Записки бойца Армии теней — страница 29 из 87

— Так почему же вас ни разу не видели в русской церкви? Ах, вот оно что! Я покаялся, что, мол, впервые слышу, что и здесь, как в Париже, есть наша православная русская церковь, попросил ее адрес.

Меня отпустили, дав начальнику цеха справку, что я их посетил, ко мне претензий не имеют. Кто бы мог подумать, что такая сама по себе незначительная мелочь, как посещение или непосещение церкви, могла иметь фатальные последствия? Не будь у меня знакомств с «Громадой», а следовательно, и с нефтяной конторой, вряд ли бы все так просто закончилось… Впрочем, мои начавшиеся после этого паломничества в церковь тоже оказались полезными: новый круг знакомств привел меня и к смотрителю церкви. Фамилии и имени его не помню, но то был прекрасный человек по всем статьям. Несколько раз я имел возможность прослушать у него сообщения по московскому радио и узнать правду о положении на Восточном фронте. Встретил я в этой же церкви на Находштрассе и одного из своих знакомых по Белграду, примерно моего возраста, но сейчас он был в форме немецкого офицера. Как хорошо, что увидел его первым: тут же постарался скрыться: он знал мою настоящую фамилию!

Был и еще примечательный случай. Получив зарплату, мы с Рошаном, Мишелем и Бошко поехали в Берлин «прибарахлиться»: Рошан задался идеей подыскать себе костюм, да и мы хотели купить по шинели. Близ Александерплатца находился известный всем иностранным рабочим дешевый магазин подержанной одежды. Рошан долго выбирал себе костюм. Вдруг он побледнел, ощупывая один, стал рассматривать его тщательней. Затем, схватившись за грудь, начал оседать. Еле успели подхватить его и усадить на стул. Что это с ним? Лицо, как мел! На наши расспросы он не в силах был ответить что-либо внятное, но костюма из рук не выпускал. Отсидевшись, попросил завернуть покупку. Когда вышли из магазина, он прислонился к стене, из глаз полились слезы, все тело его вздрагивало. Таким я его никогда не видел. Да и можно ли было подобное ожидать от такого грубоватого и нелюдимого человека?! Оказалось, костюм этот принадлежал его родному брату, взятому несколько месяцев назад заложником и расстрелянному перед его отъездом сюда. Собственно, именно поэтому Рошан и решил скрыться в Германию. Мне стало ясным, какие «обстоятельства» вынудили его покинуть Францию и что это за «дешевый магазин» и почему он дешевый: в нем продают вещи погибших.
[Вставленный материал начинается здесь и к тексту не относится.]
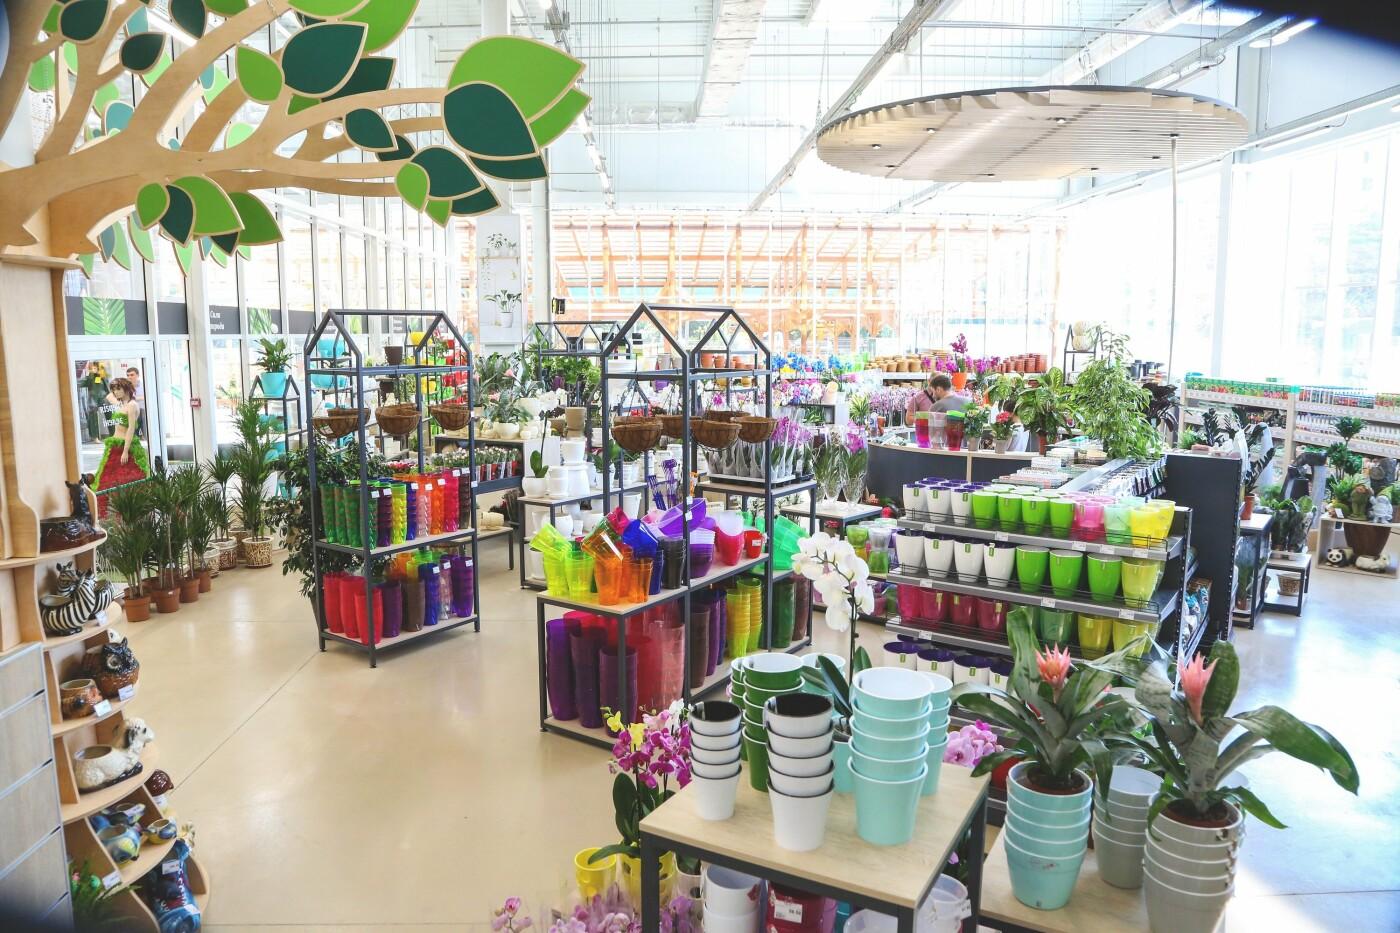 У Донецькій області відкривається сучасний торговий центр «Епіцентр», фото-3

Дня четыре Рошан не проронил ни слова. Наконец произнес:

— Вернусь во Францию, — буду их, негодяев, беспощадно крошить!

Сомнения отпали: в Рошане мы получили преданного руководителя группы французов. Но слепая ненависть и жажда мщения — плохие спутники и советники, необходимо иметь холодную голову. И надо было порядком поработать, чтобы дать ему это понять. Лишь после этого он был представлен Максу.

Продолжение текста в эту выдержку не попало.